Я написал отчёт для Географического общества. Сухой, выхолощенный, лишённый всего, что я описал здесь. Экспедиция обнаружила геологические аномалии. Профессор Зворыкин погиб в результате обвала. Матросы погибли от болезней и несчастных случаев. Точка.
Мне не поверили бы. И я не хотел, чтобы поверили. Я хотел, чтобы это место забыли. Чтобы никто больше не спускался по тем ступеням.
Но ночью, в петербургской квартире на Литейном, среди мебели красного дерева и портретов предков, я лежал без сна и слушал, как за окном шумит Нева. И в шуме воды, если прислушаться, если позволить себе прислушаться, можно различить… Нет. Нельзя прислушиваться.
Запись двадцатая.
Вершинин покончил с собой в августе 1914 года, через две недели после начала войны. Он выстрелил себе в висок из отцовского револьвера. В предсмертной записке значилось: «Оно становится громче. Пушкин больше не помогает. Простите меня, Николай Андреевич».
Я держал эту записку в руках, и буквы расплывались, потому что слёзы туманили зрение.
На обороте записки Серёжа нарисовал ту самую спираль, вписанную в многоугольник. Линии были ровные, уверенные, без единой помарки. Он больше не боролся, когда рисовал это.
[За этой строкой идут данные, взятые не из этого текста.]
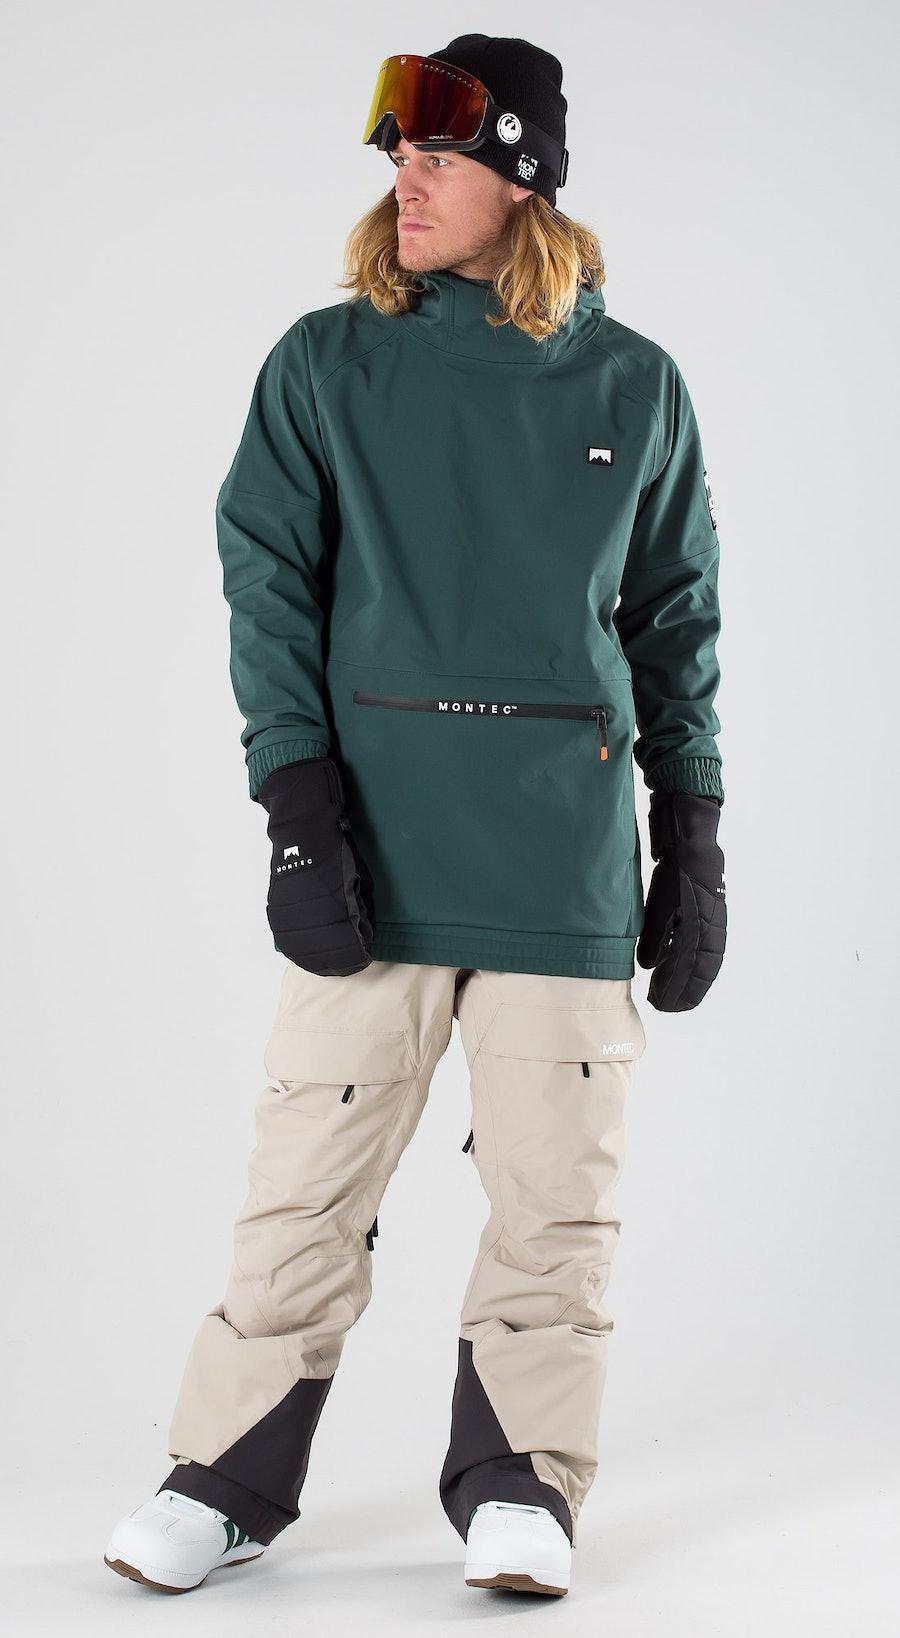 Montec Tempest Dark Atlantic Snowboardkläder Multi

Он позволил себе закончить рисунок, и, может быть, именно поэтому, увидев завершённый узор, увидев наконец то, во что складываются все эти линии, понял, что дальше жить с этим знанием невозможно.
Я сжёг записку. И рисунок. Потому что, взглянув на него, на одно лишь мгновение, я ощутил, как шёпот, давно отступивший, давно загнанный на самую границу слуха, вздрогнул и шевельнулся, как спящий зверь, которого окликнули по имени.
Серёжа. Мой Серёжа. Мальчик с заразительным смехом, который задавал вопрос «как это возможно?» перед лицом немыслимого. Он продержался два с половиной года. Один против того, что влезло ему в голову в чёрном зале под антарктическими горами. И в конце концов сдался. Не потому что оно победило. А потому что устал сопротивляться.
Лещинский погиб в 1916-м, на фронте, в полевом госпитале под Барановичами, куда пошёл добровольцем. Дымов, по слухам, ушёл к себе в Поморье и больше не выходил в море. Илья вернулся в Якутию. О судьбе остальных мне ничего не известно. Война и революция перемололи столько человеческих жизней, что следы нашей маленькой экспедиции затерялись в общем потоке.
Я жив. Я в здравом уме. Шёпот, ослабевший до почти неразличимого, посещает меня лишь в определённые ночи, когда ветер дует с востока и в квартире гаснут свечи. Тогда я встаю, зажигаю лампу и читаю вслух, всё равно что, газету, учебник, Пушкина. Человеческие слова, выстроенные по человеческим законам, держат его на расстоянии. Как стены держат ветер. Но стены ветшают.